This is my pet project. In this, I built a web-app with a basic layout to predict the severity of an accident. Various machine learning models such as Logistic Regression, Decision Tree Classifier, AdaBoost Classifier, etc. were tested and out of that XGBoost Classifier came out to be the best one. Hyperparameter tuning of these models were done using Bayesian Optimization technique. I tested the models using F1_Beta score which is a weighted harmonic mean of precision and recall, reaching its optimal value at 1 and its worst value at 0. In this, the beta parameter determines the weight of recall in the combined score. beta < 1 lends more weight to precision, while beta > 1 favors recall (beta -> 0 considers only precision, beta -> +inf only recall).
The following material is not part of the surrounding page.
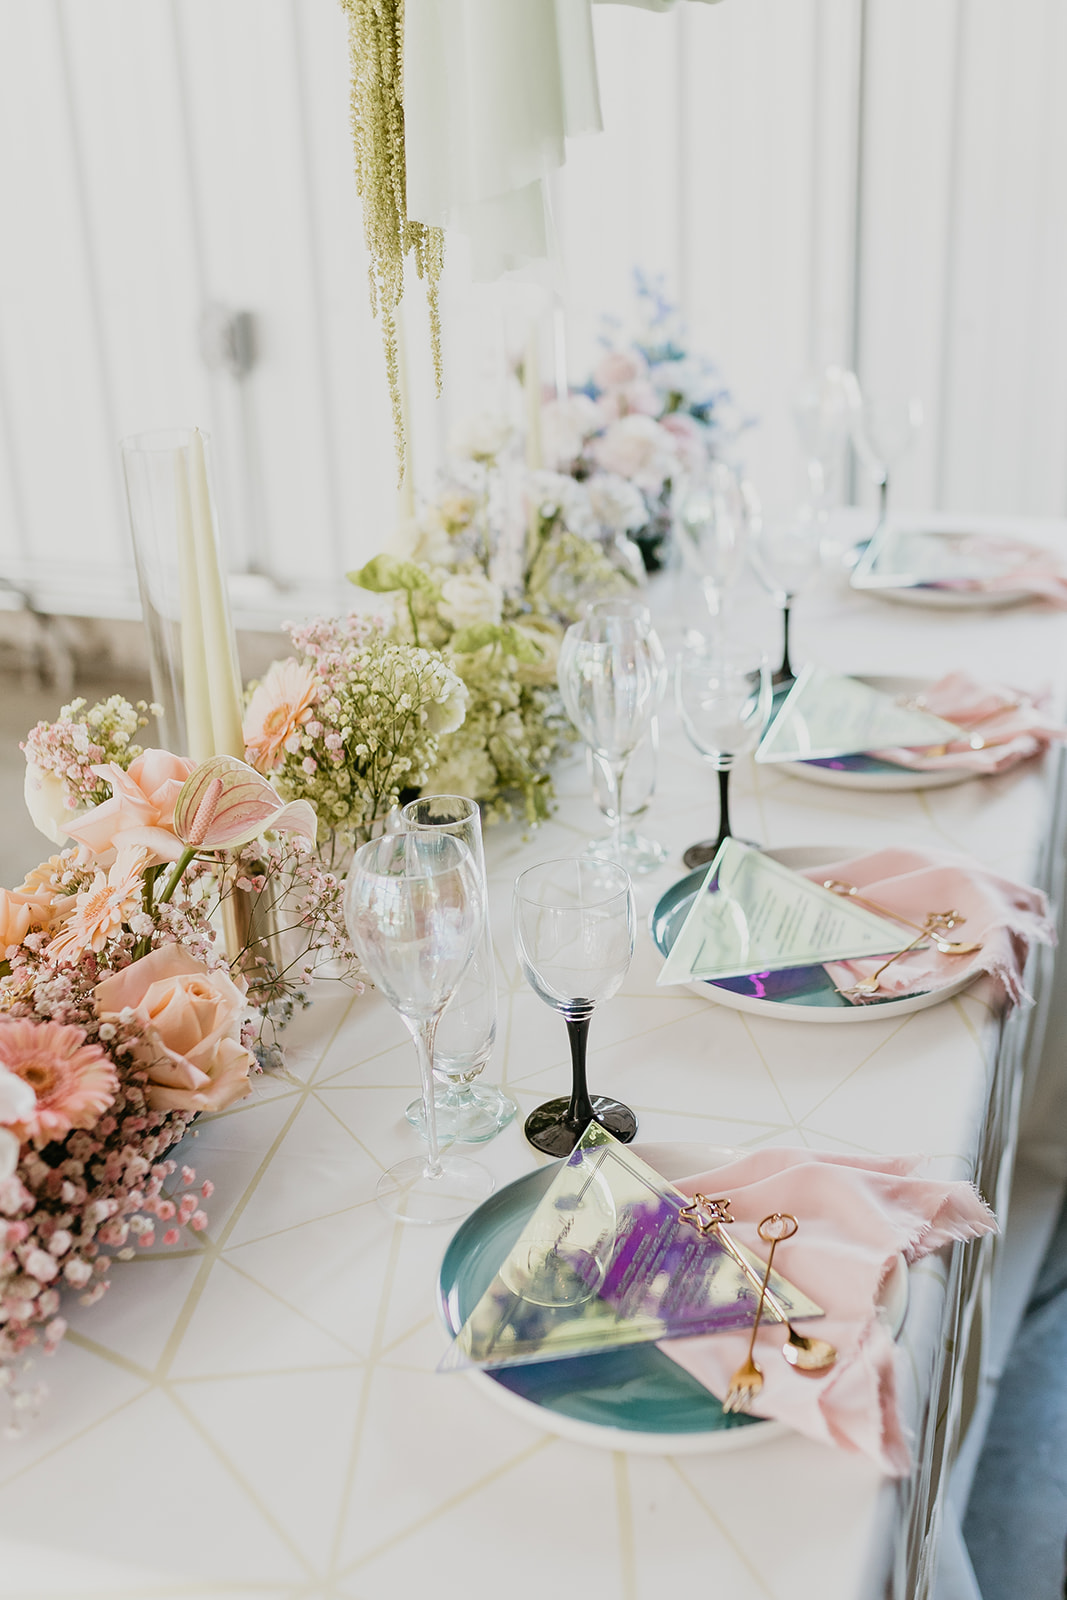 Holographic wedding inspiration for the rocker couple who loves colour on their wedding day

In this case, I was more interested in knowing "how many relavant items are selected" rather than "how many selected items are relevant". Since this is predicting severity if an accident, it paramount that all the relevant cases are covered even with a few false positives. As for deployment, we used HTML and Flask frameworks.
The dataset used for the project is this. It contains more than 3 million records.
- ID:- A unique identifier for each accident.
- Source:- The source which reported the accident.
- TMC:- It is Traffic Messagen Channel which providea more detailed description of the event.
- Severity:- The level of impact of the accident. 1 being the lowest and 4 being the highest.
- Start_Time:- Shows start time of the accident in local time zone.
- End_Time:- Shows end time of the accident in local time zone.
- Start_Lat:- Shows latitude in GPS coordinate of the start point.
- Start_Lng:- Shows longitude in GPS coordinate of the start point.
- End_Lat:- Shows latitude in GPS coordinate of the end point.
- End_Lng:- Shows longitude in GPS coordinate of the end point.
- Distance(mi)-: The length of the road extent affected by the accident.
- Description:- The description of the accident.
- Number:- Street Number
- Street:- Street Name
- Side:- Relative side of the address field.
- City:- Name of the City.
- County:- Name of the county.
- State:- Name of the state.
- Zipcode:- Zipcode of the address
- Country:- Name of the country
- Timezone:- Timezone of the location where accident occurred
- Airport_Code:- Denotes an airport-based weather station which is the closest one to location of the accident.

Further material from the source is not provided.